• Raw data:

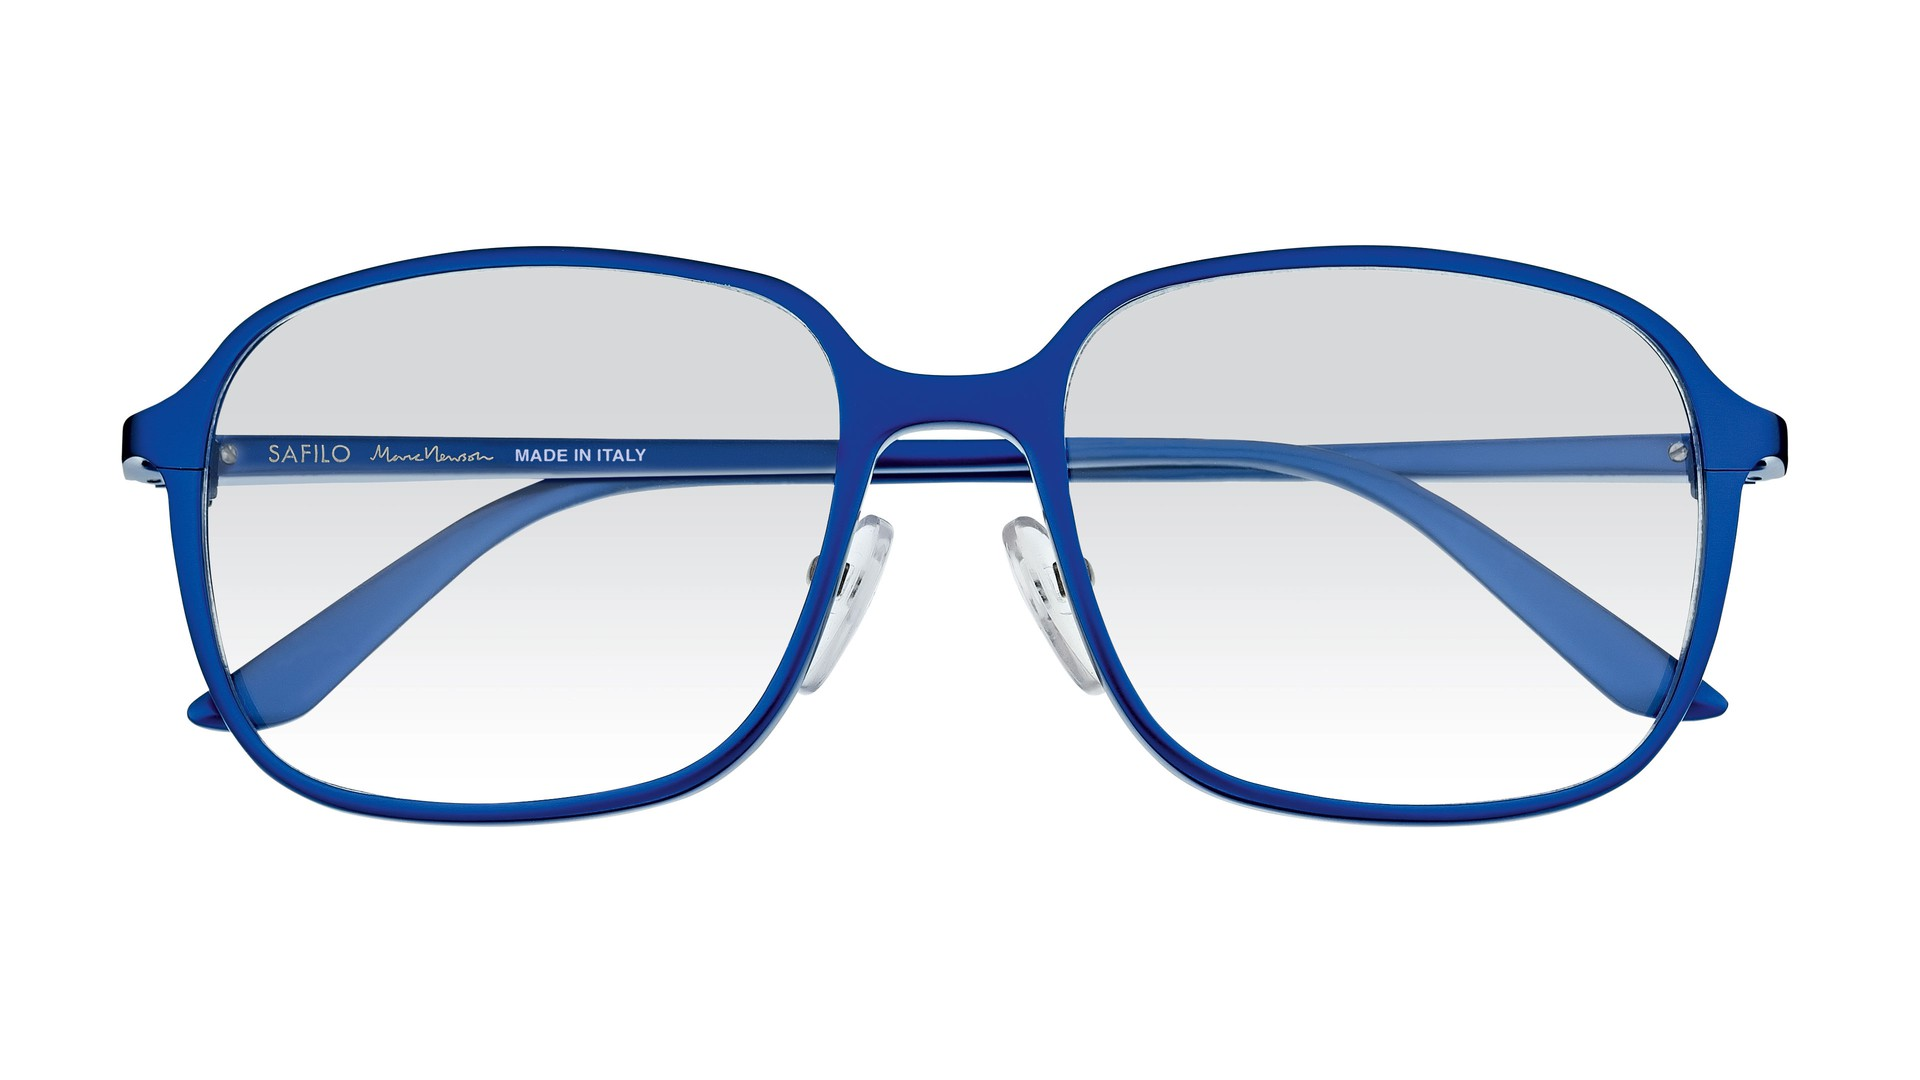 Capsule Eyewear Collection | Marc Newson Ltd
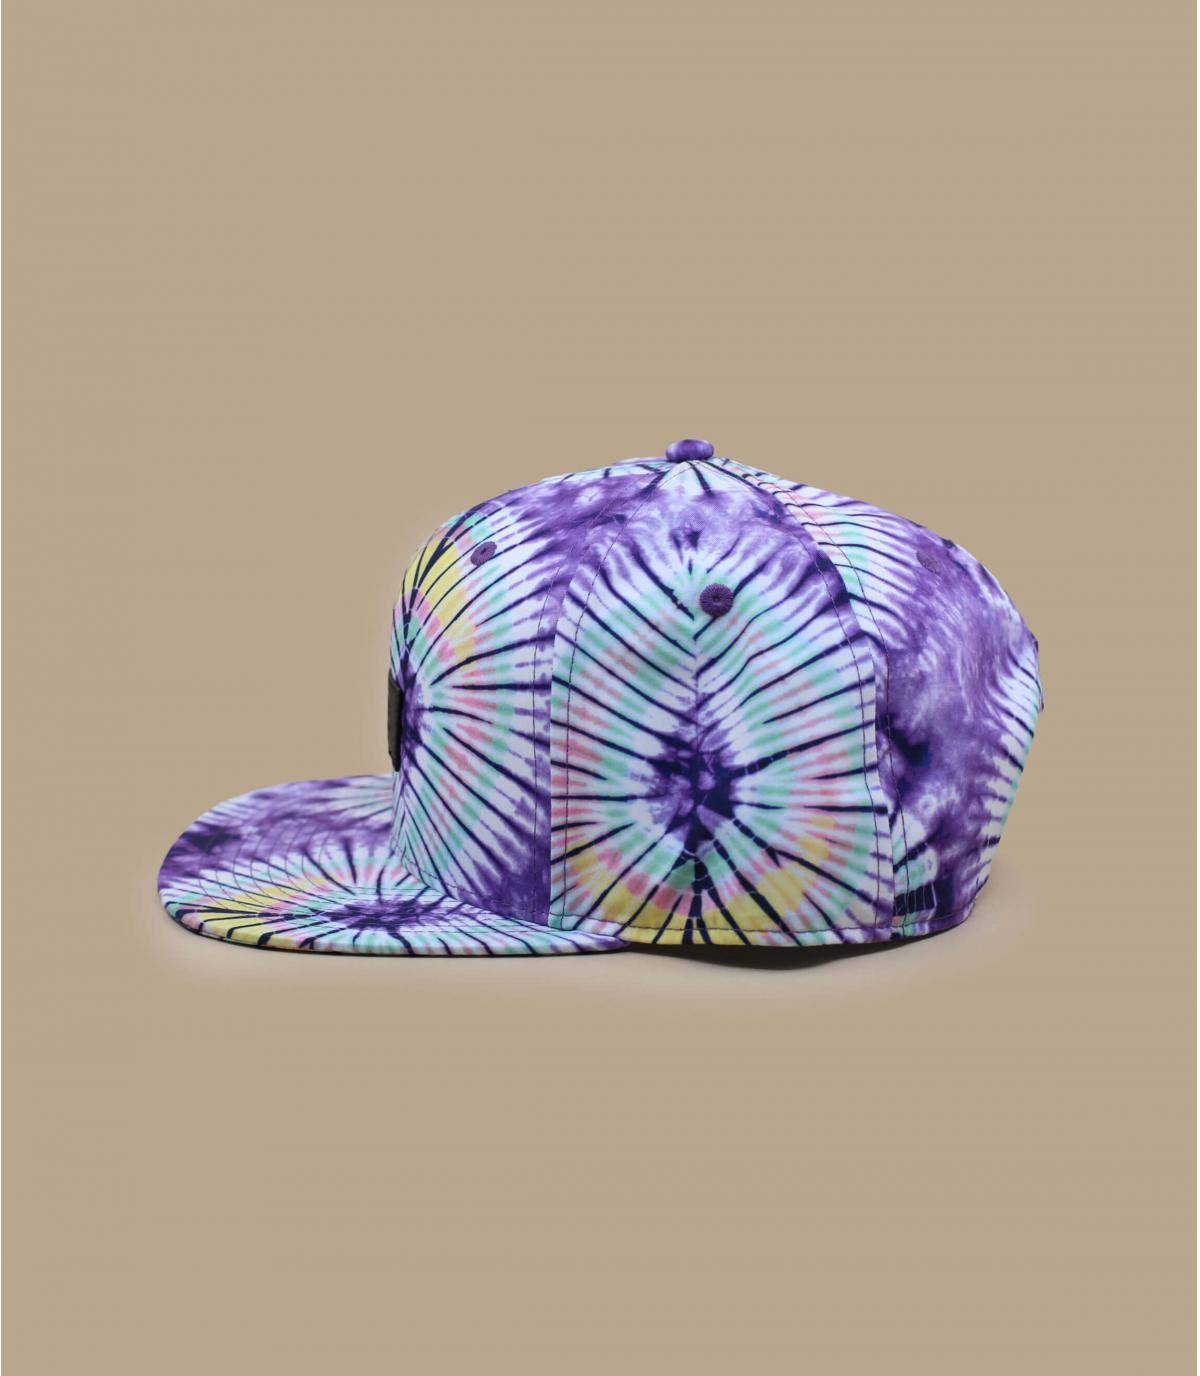 Details Snapback Laces 54 New Age Tie Dye purple - afbeeling 3
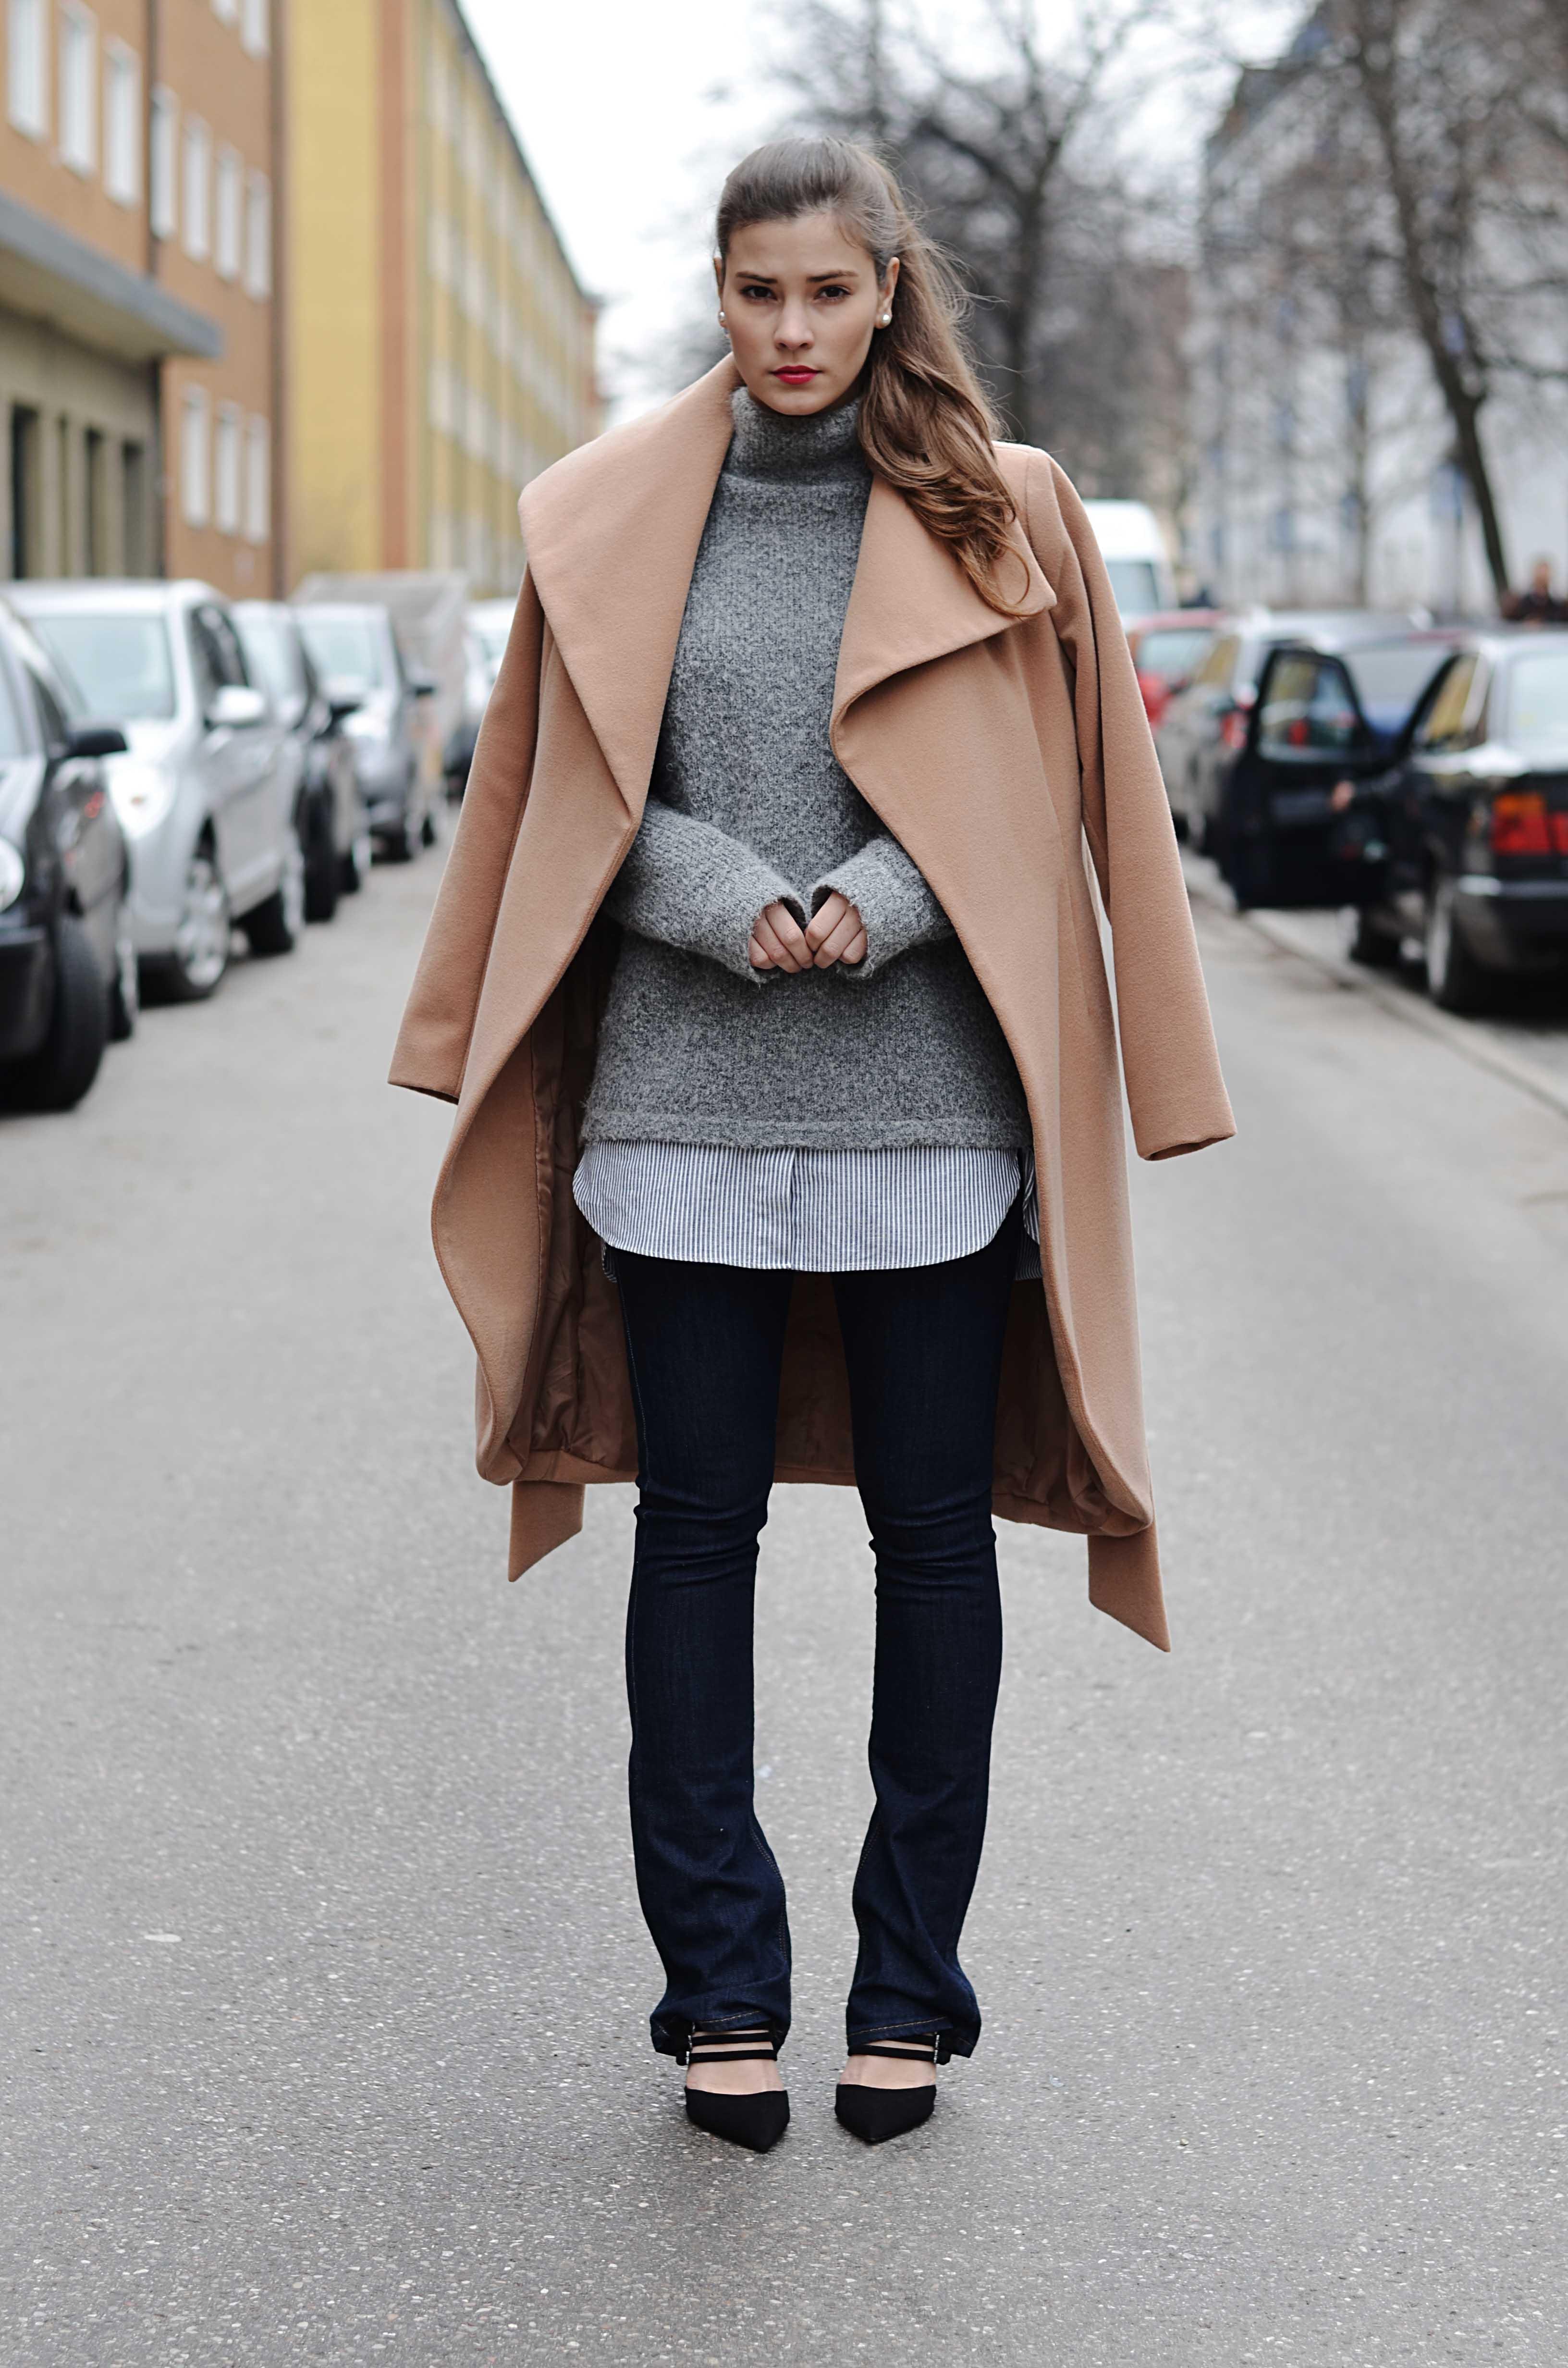 Fashionbloggermünchen-fashionblogger-blogger-fashionblog-münchen-munich-fashion-outfit-mode-style-streetstyle-bloggerstreetstyle-fashiioncarpet-fashiioncarpet-look-ootd-fashionblogdeutschland-deutscherfashionblogger-fashionbloggergermany-germanblogger-fashionbloggerdeutschland-deutschland-fashionblogger-camelcoat-otto-buffalomantel-buffalo-flaredpants-flared-schlaghose-streetstyleschlaghose-schlafghoseblogger-mantel-pumps-zarasale-sale-zara-deutschlandfashionblogger

• How to complete this task: Transcribe exactly, with no pictures, the lines running from the first line of the material through the line holding "Details Snapback Laces".

• Output below:
 Capsule Eyewear Collection | Marc Newson Ltd
 Details Snapback Laces 54 New Age Tie Dye purple - afbeeling 3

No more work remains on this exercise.